Prepare to Survive if an Active Shooter With a Deadly Weapon and a Lethal Intent Attacks Your Church Next Sunday
If your church finds itself the target of an intruder with a deadly weapon and a lethal intent, what should your pastor, leaders, and members do in the crisis moment to stay alive? And what training and strategies should you implement to prepare—as much as possible—to survive an attack that hopefully will never happen?
Adam Howe focused his comments on “surviving an active shooter event.” In an hour-long webinar, he gave practical “techniques, tools, tactics” and basic responses when someone is faced with an active shooter incident; these are “run, hide, fight.”

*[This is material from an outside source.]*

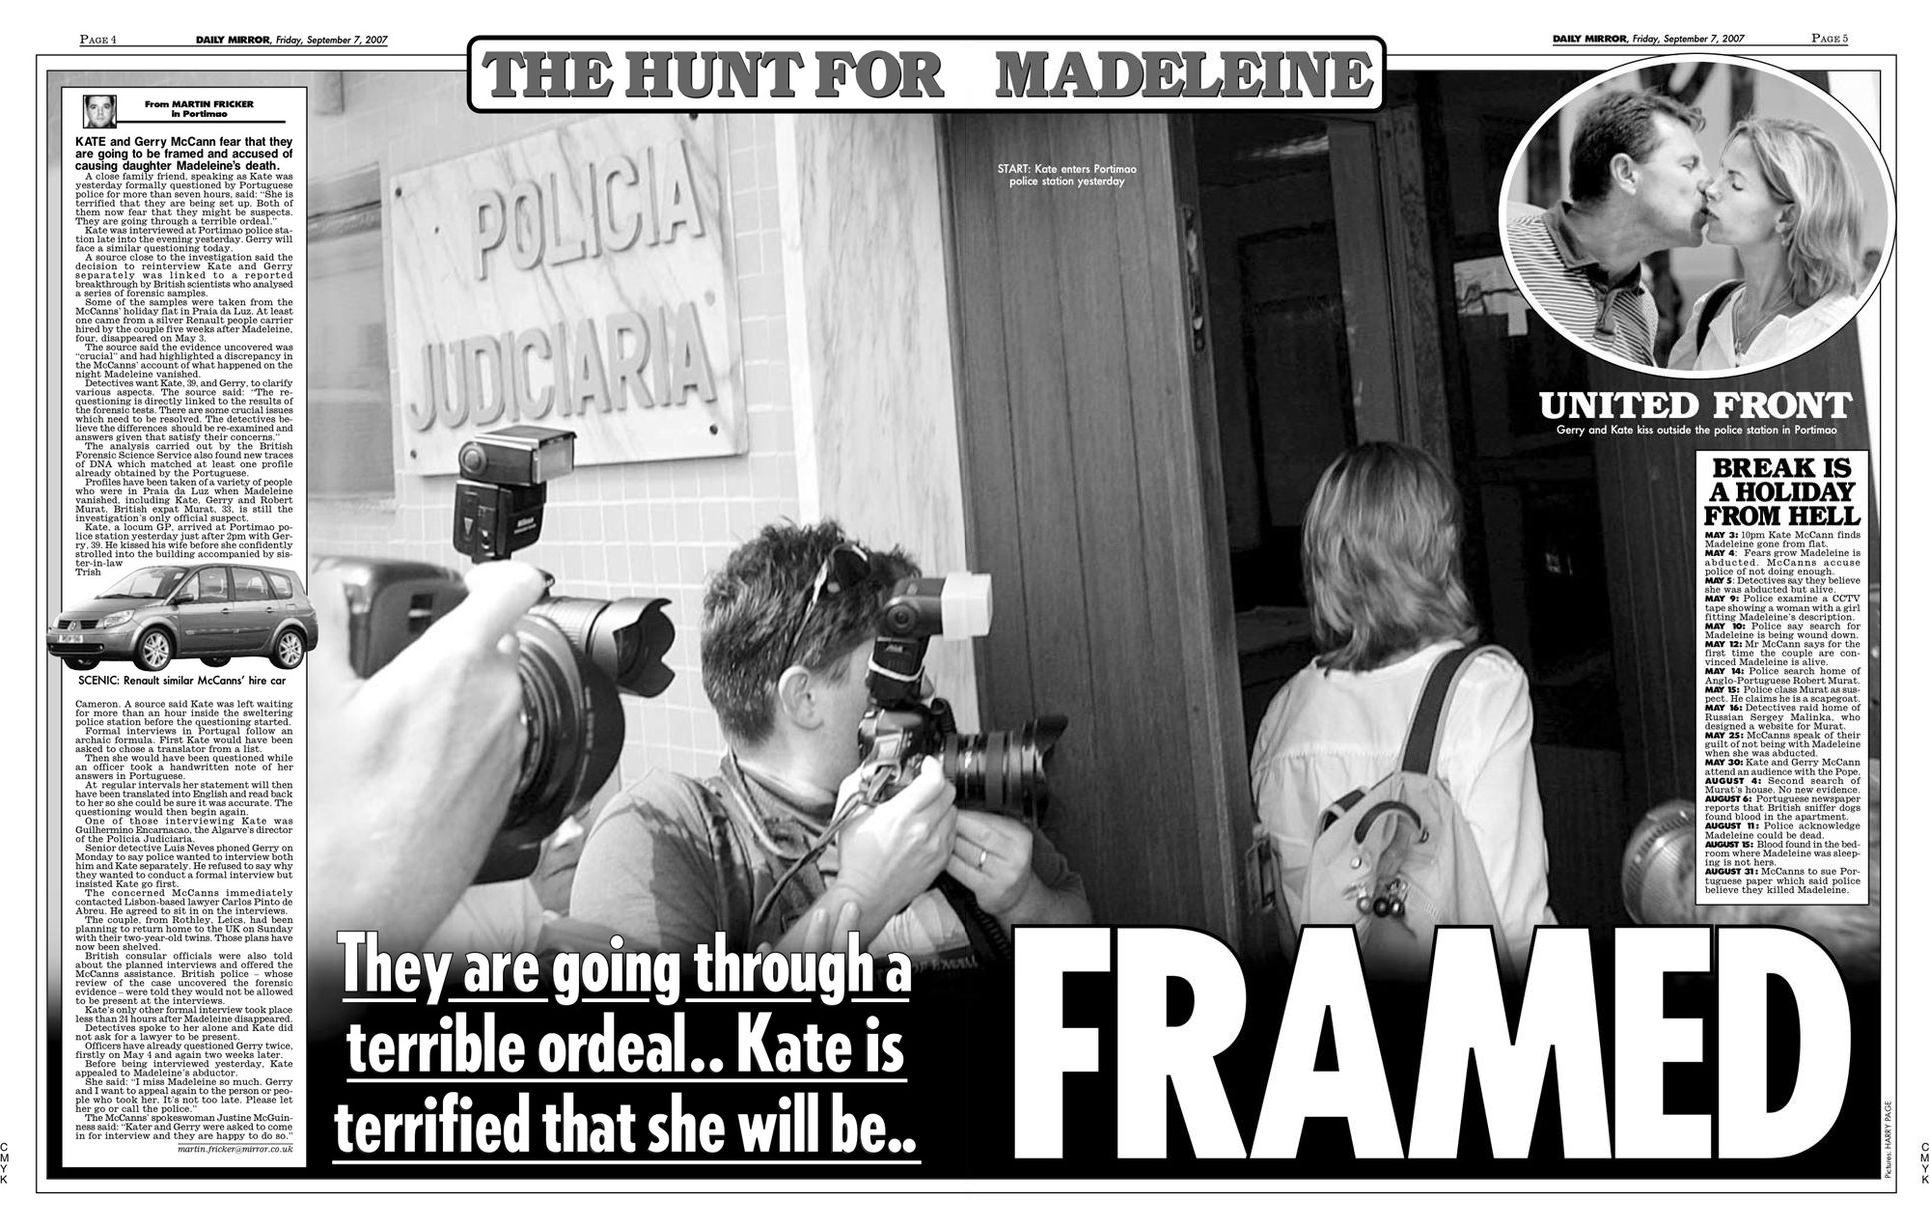 7th September 2007: The couple fear they may be framed over Maddy's disappearance.

Adam Howe, a member of Island Pond Baptist Church, Hampstead, New Hampshire, answered those important questions and offered practical strategies for survival when he taught an online active shooter training seminar for the Baptist Churches of New England. The video may be found on the increasingly important BCNE Youtube channel.
He provided “some effective prevention methods—things that have worked in the past”—and spoke about “mentally preparing ourselves for the ‘what if.’ What if this were to happen to me? What am I going to do?”
He talked of mass shooting “events that our country has seen” and stressed that “we have seen success stories where people have survived . . . and lives were saved.” The “big takeaway is: these events are survivable.”
“Do everything you can to stay alive”
“If you can move, move to the best of your ability, and do not be a stationary target. More distance away from the attacker means less accuracy of the gunfire. When you create distance between yourself and the attacker, their rate of accuracy will go down significantly.”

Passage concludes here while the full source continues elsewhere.